• Required work: Each line from the one holding "Leos-Hütte-Eingang" to the last line below must be restated word for word, and no picture may be included.

• The records:
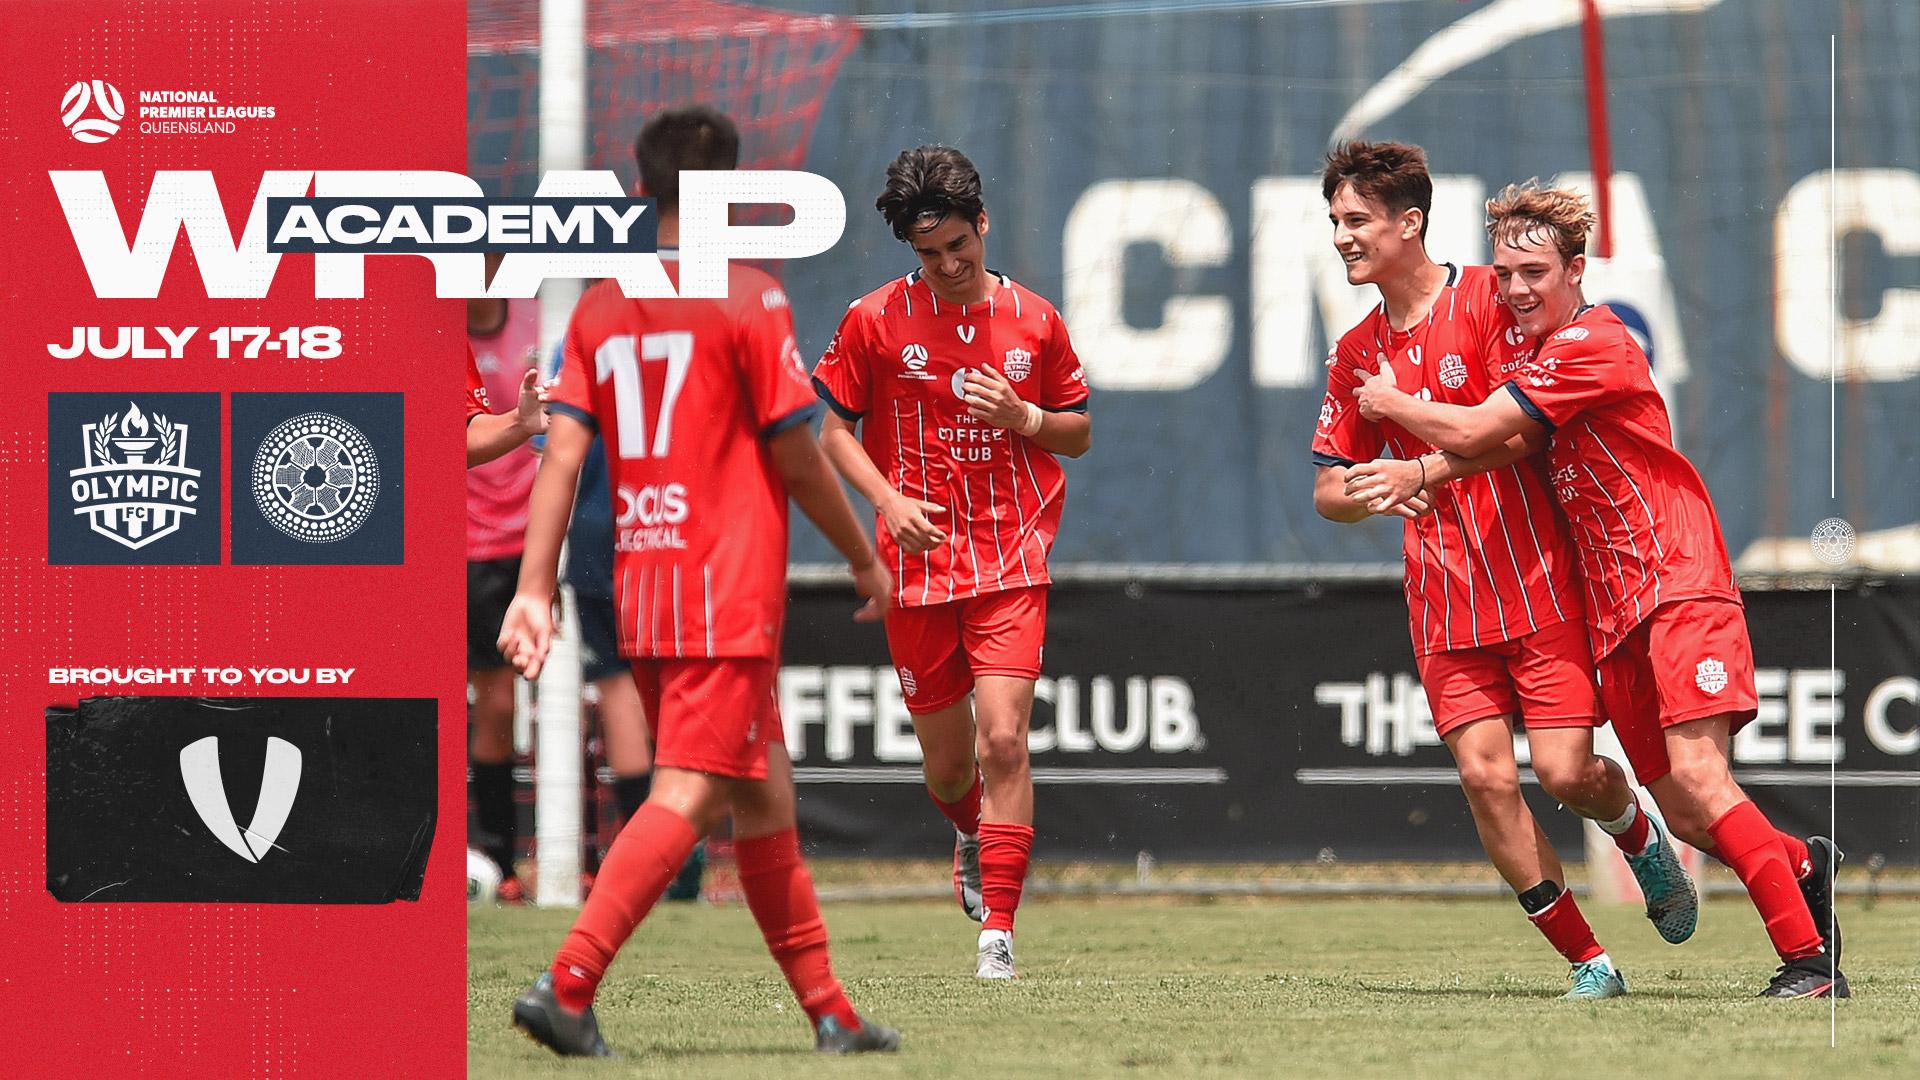 Veto Sports Academy Wrap: July 17 & 18
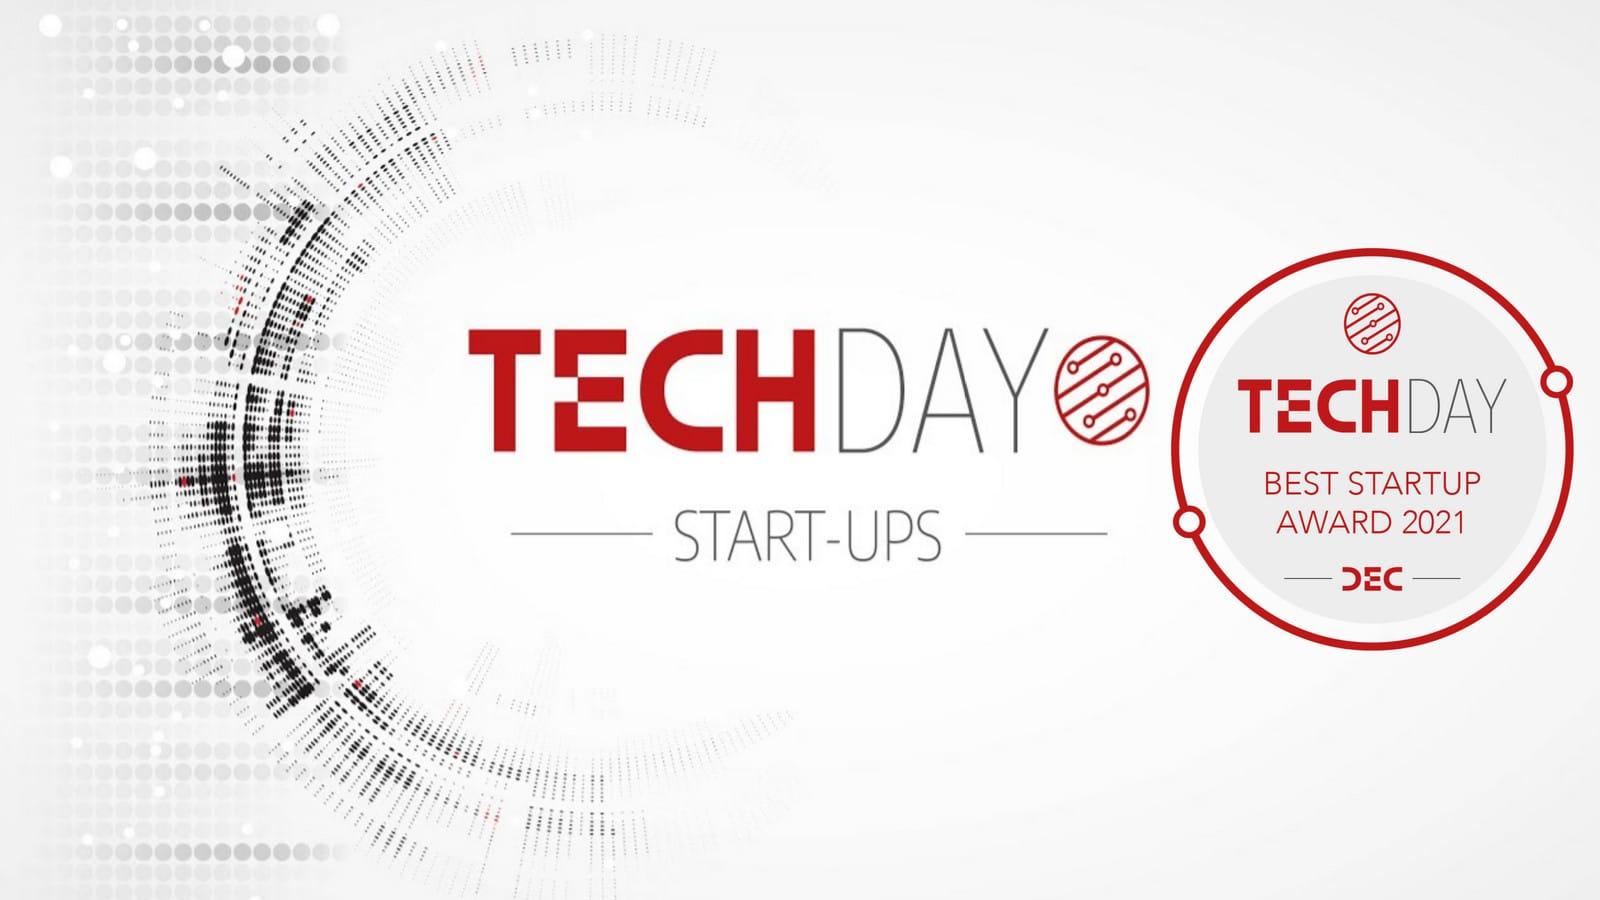 CX_Tech_Day_2021_Award_Behavioral_Signals
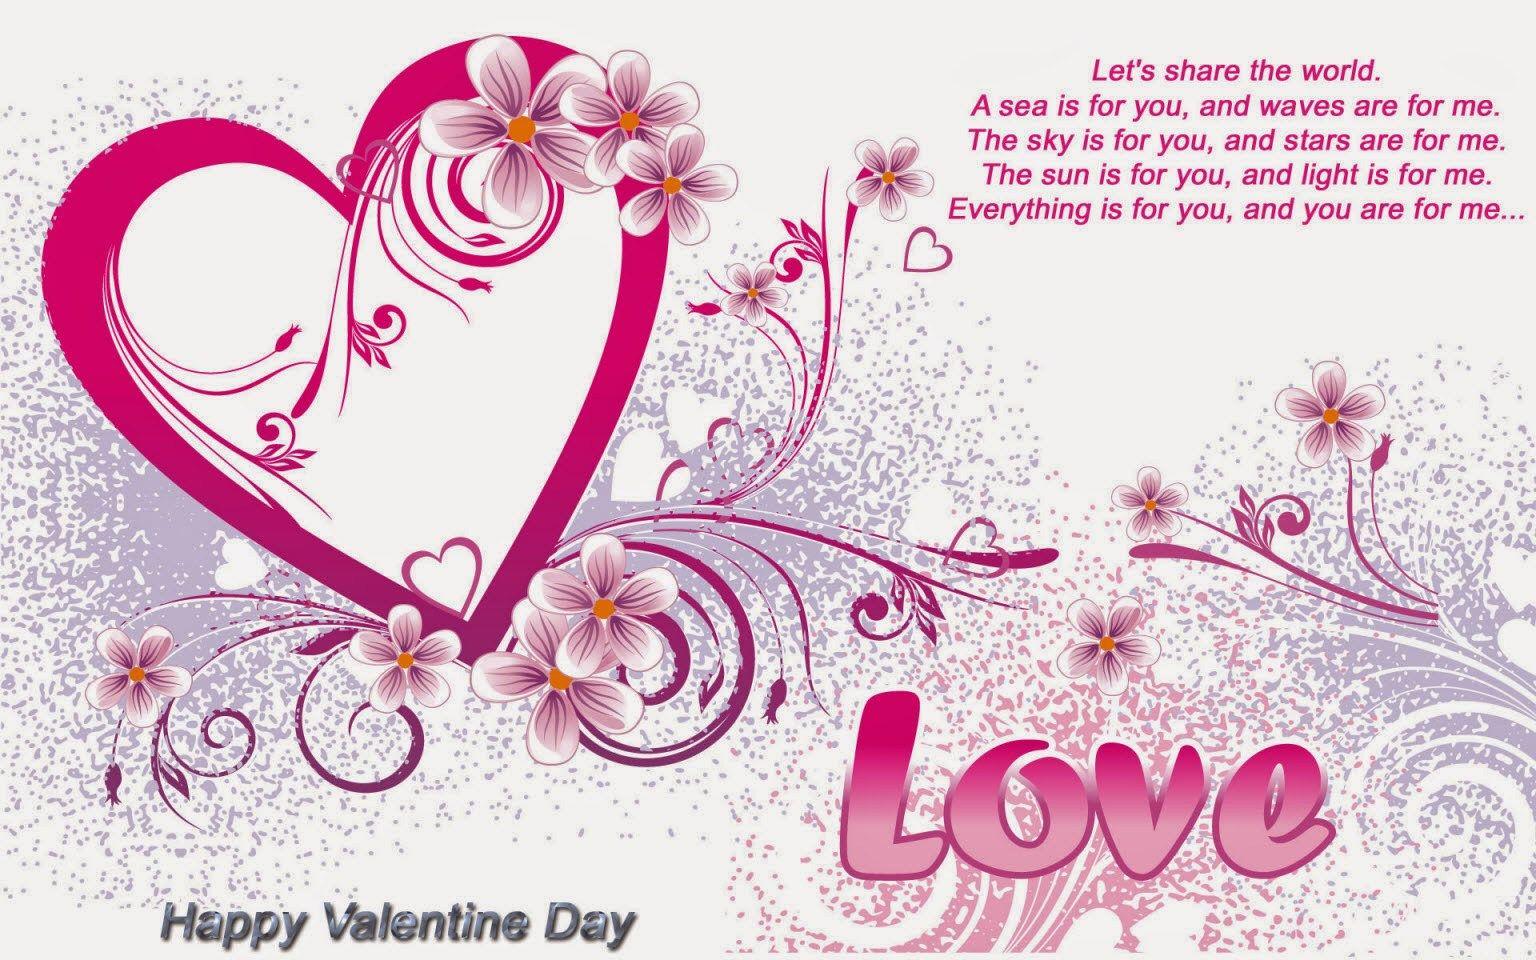 Valentines Day Romantic love letter ideas wishes for boyfriend
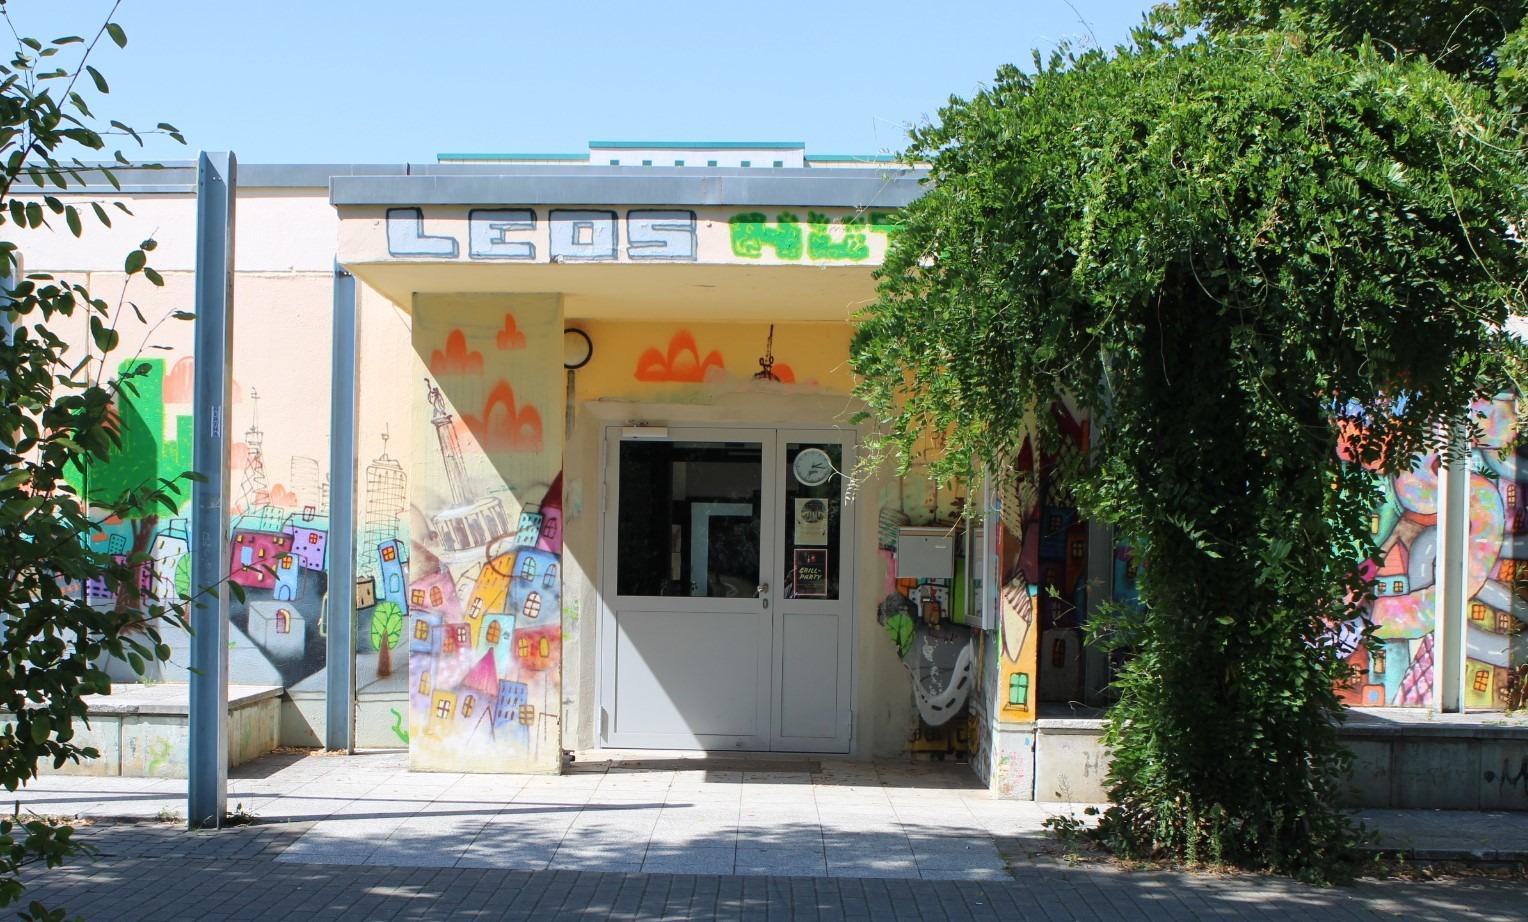 Leos-Hütte-Eingang
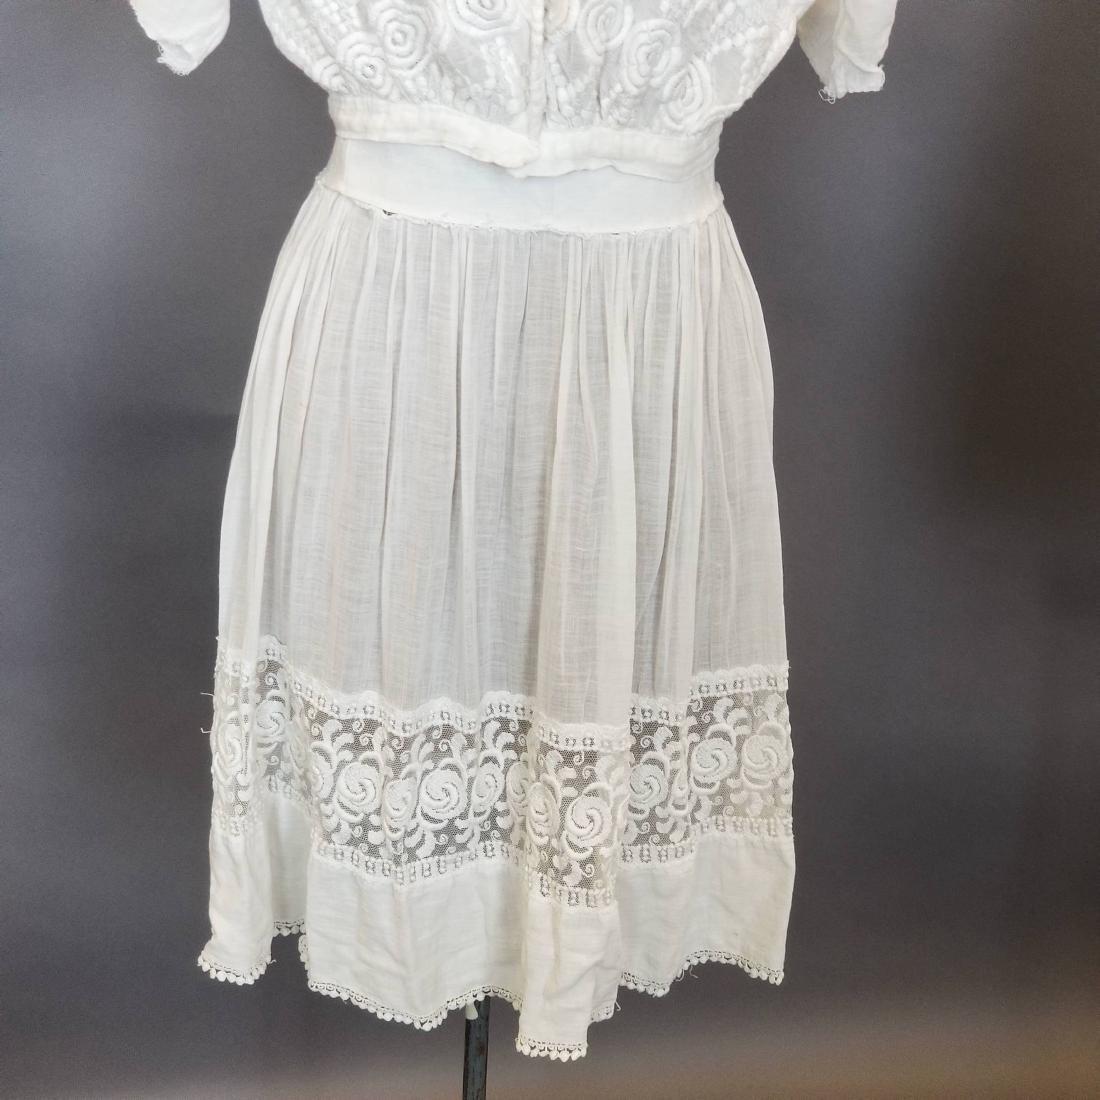 Three Piece White Day Dress - 3
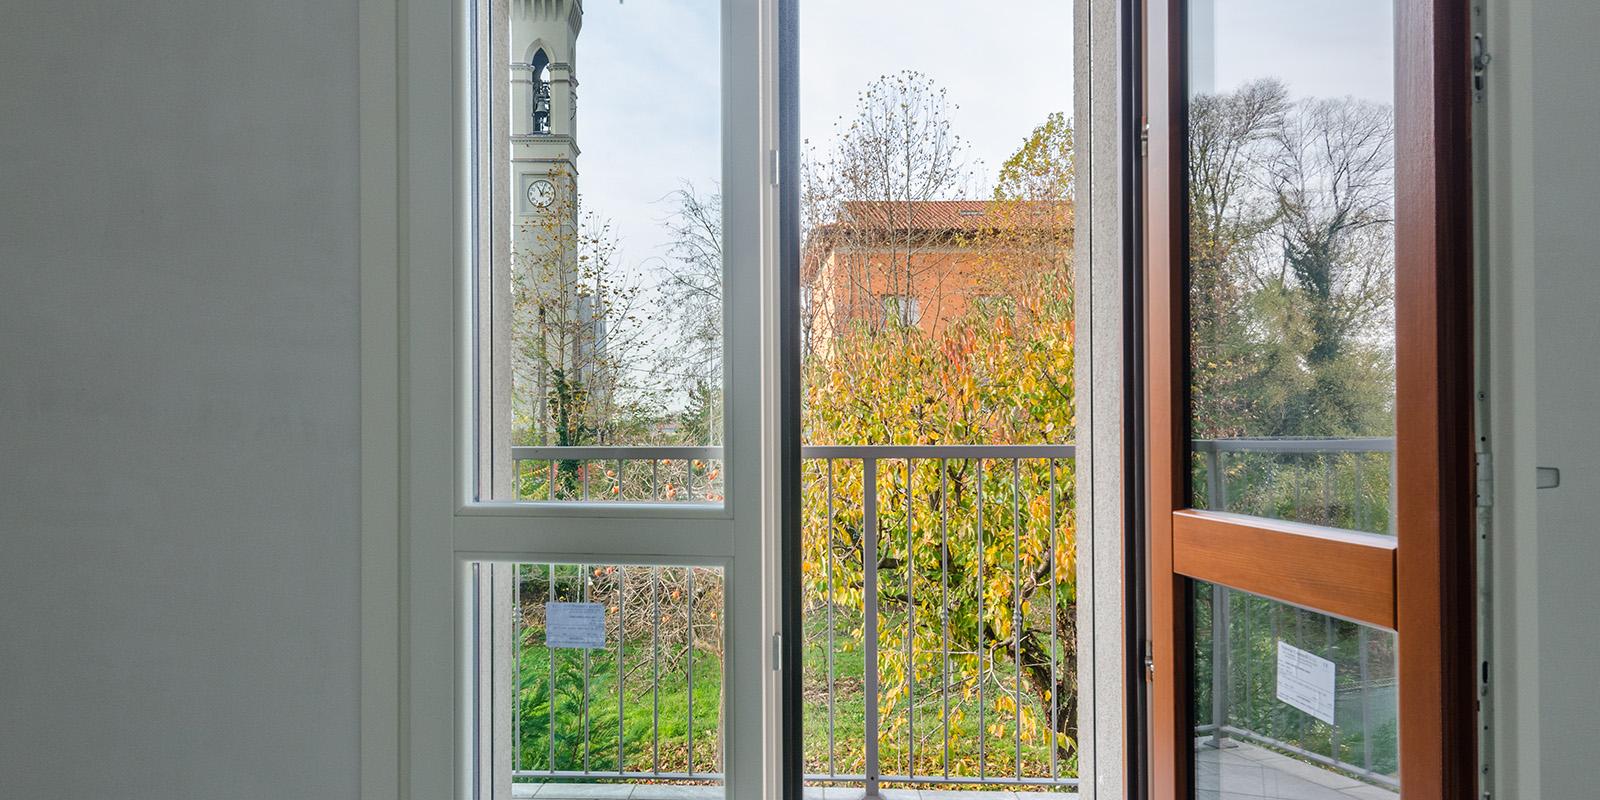 Epis_Bagnatica_Residenza_del_Sole_6

• Expected answer:
 Leos-Hütte-Eingang
 Three Piece White Day Dress - 3
 Epis_Bagnatica_Residenza_del_Sole_6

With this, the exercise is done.